# Free Knit Graphing Software



## DOLDOL (Feb 28, 2011)

Knit Design studio has their design grafting software for free at this website: http://savannahwinds.weebly.com/knit-design-studio.html


----------



## mrscp1946 (Mar 26, 2011)

looks great will enjoy playing with it thanks for link


----------



## btibbs70 (Mar 23, 2011)

Thanks for the link. I'm new to knitting (<1yr), and I love adding to my "bag of tricks." Can't wait to learn the program!


----------



## Star58 (Apr 6, 2011)

Thanks a lot for the website. I'm going to try my hand at designing and this will be useful


----------



## BGP6 (Mar 8, 2011)

Will it work for MAC? I got rid of my PC last year.


----------



## pamela Lehmann (Jan 24, 2011)

Couldn't figure it out for my Mac.

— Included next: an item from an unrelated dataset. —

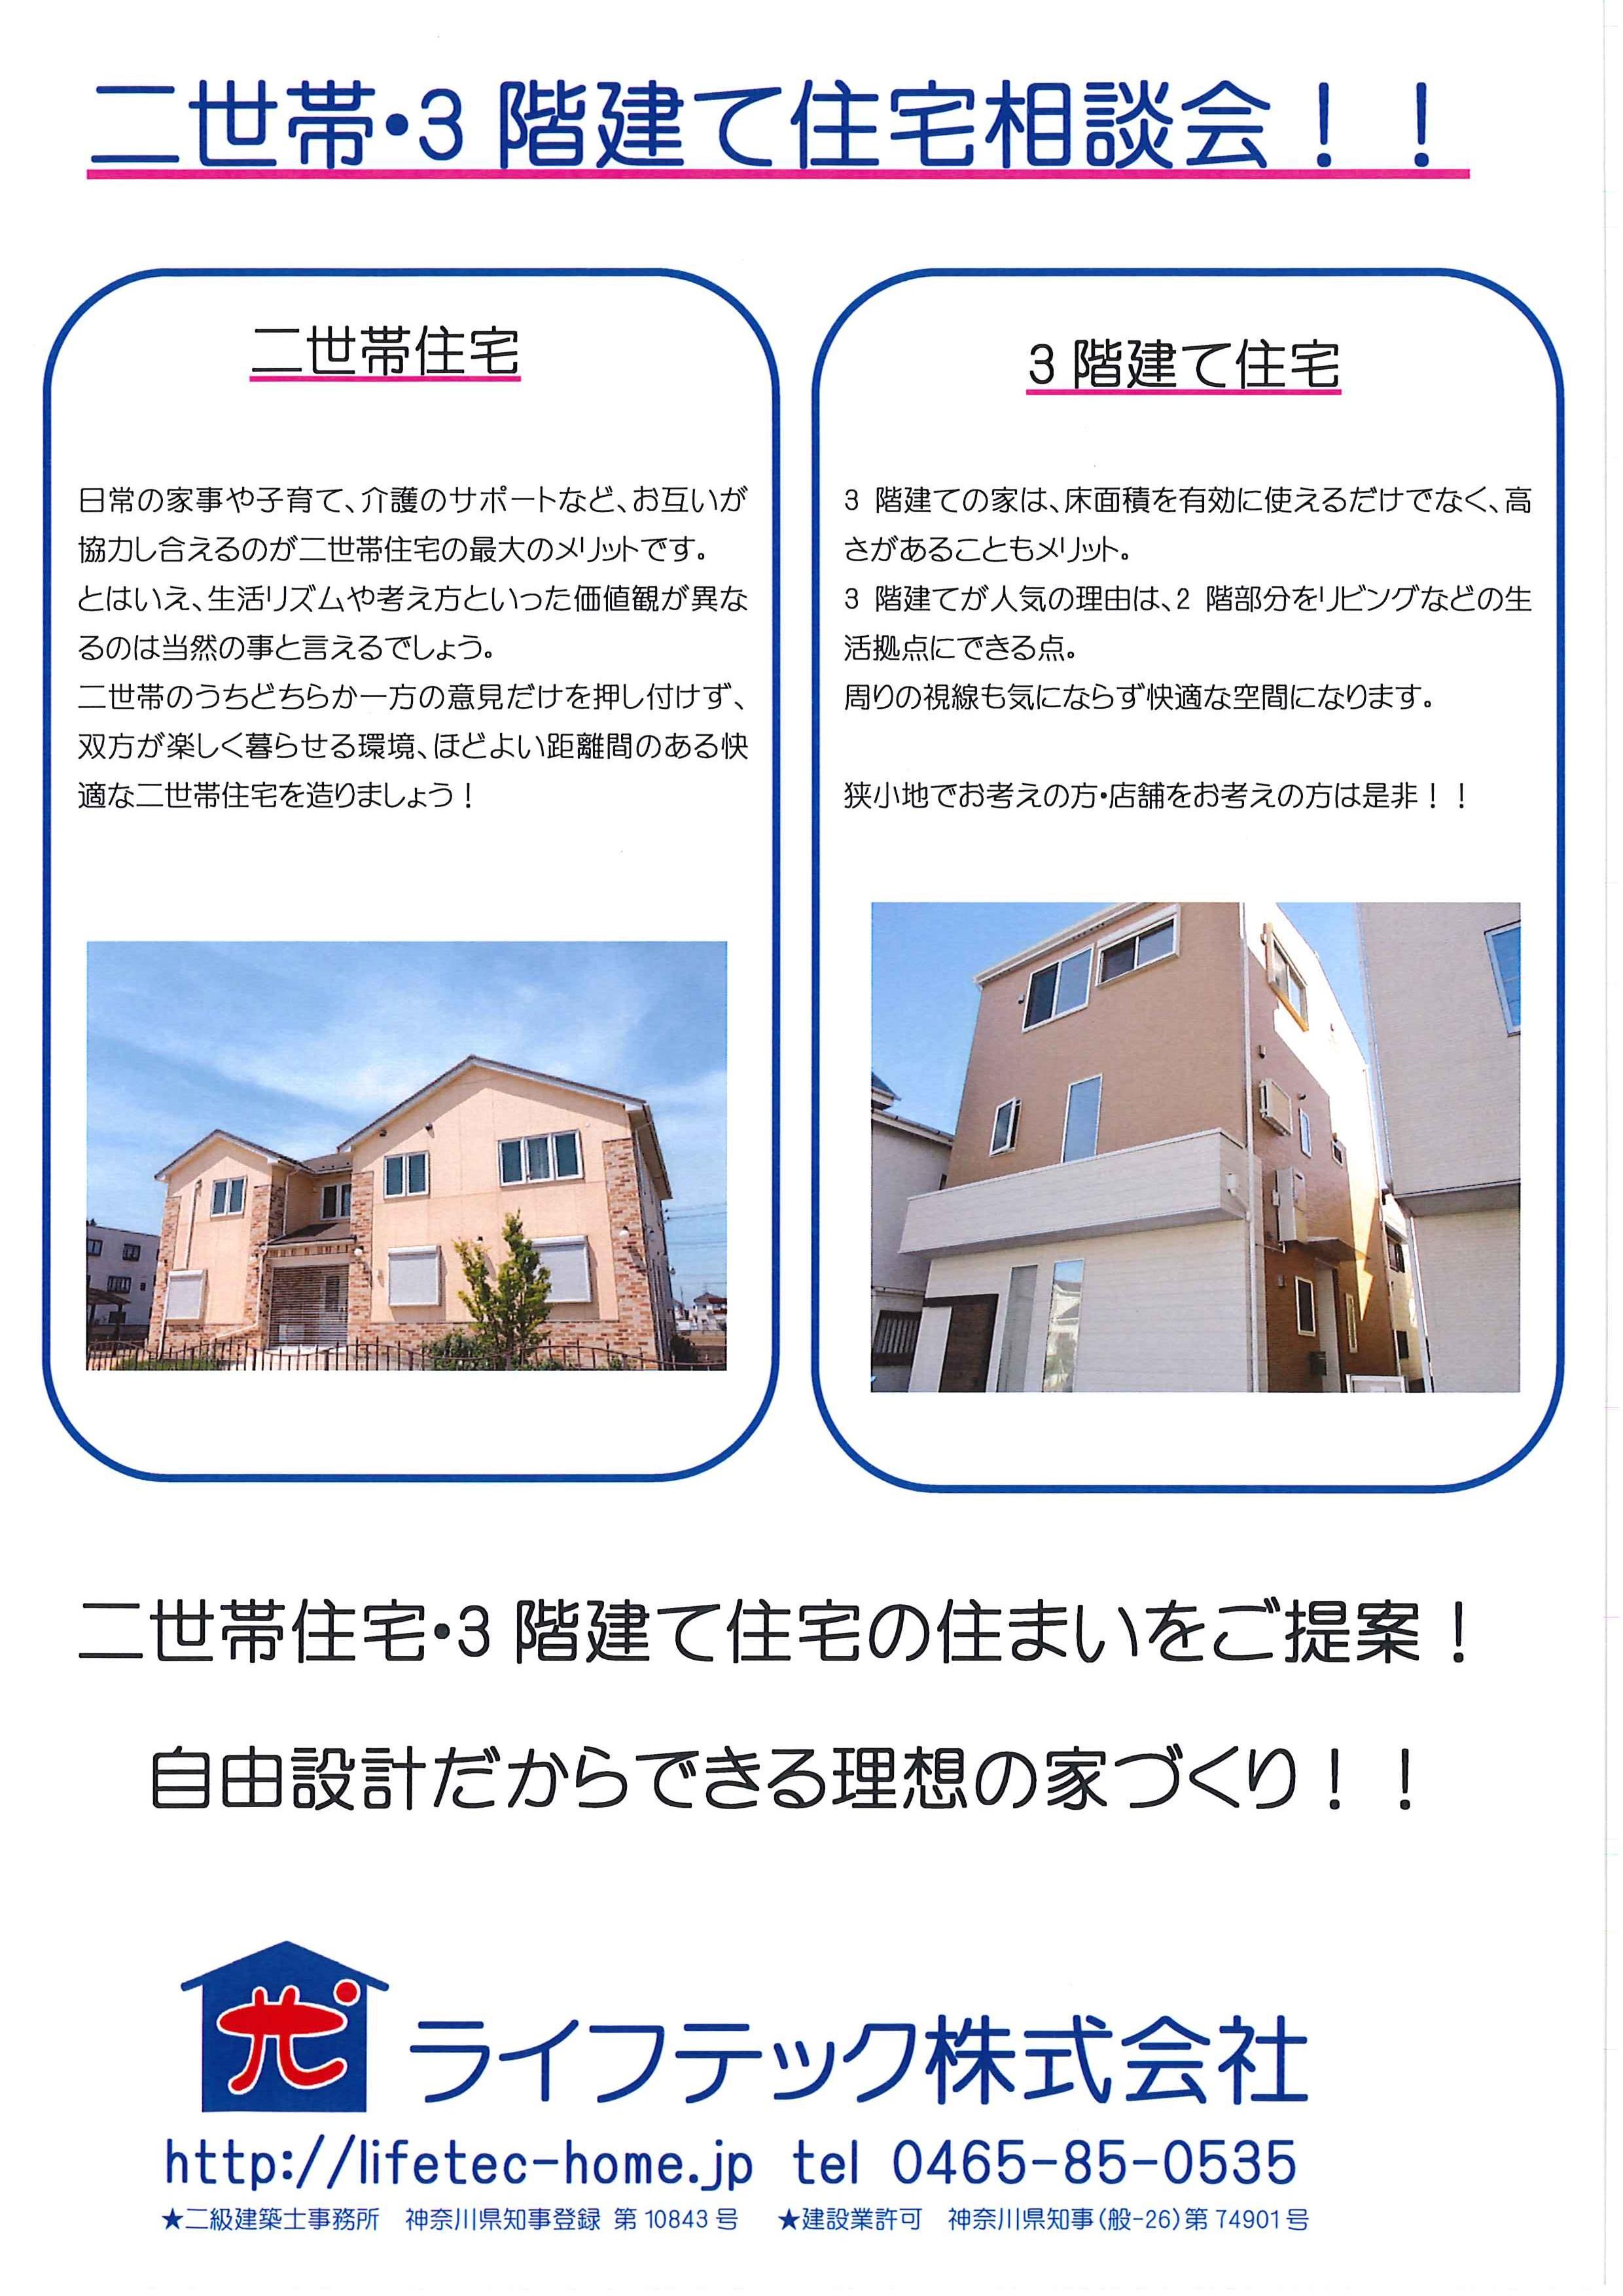 「二世帯・3階建て住宅相談会」のお知らせ

If anyone gets it, please share the instructions.
Thanks.


----------



## CamillaDesertMouse (Mar 19, 2011)

I use a PC and cannot get the KDS to open after d/l, installing...
any suggestions?
I rebooted, uninstalled and installed again many times too.


----------



## izzy (Jan 30, 2011)

Thanks for the site tip ... always fun to try new things !


----------



## clogden21 (Jan 25, 2011)

thank you that is a pretty cool program, I wish it took your graph and converted it to a written pattern.



DOLDOL said:


> Knit Design studio has their design grafting software for free at this website: http://savannahwinds.weebly.com/knit-design-studio.html


----------



## CamillaDesertMouse (Mar 19, 2011)

DOLDOL said:



> Knit Design studio has their design grafting software for free at this website: http://savannahwinds.weebly.com/knit-design-studio.html


Yes ...thank you so much Doldol


----------



## Mimo (Jun 27, 2013)

Awesome, thank you for the link


----------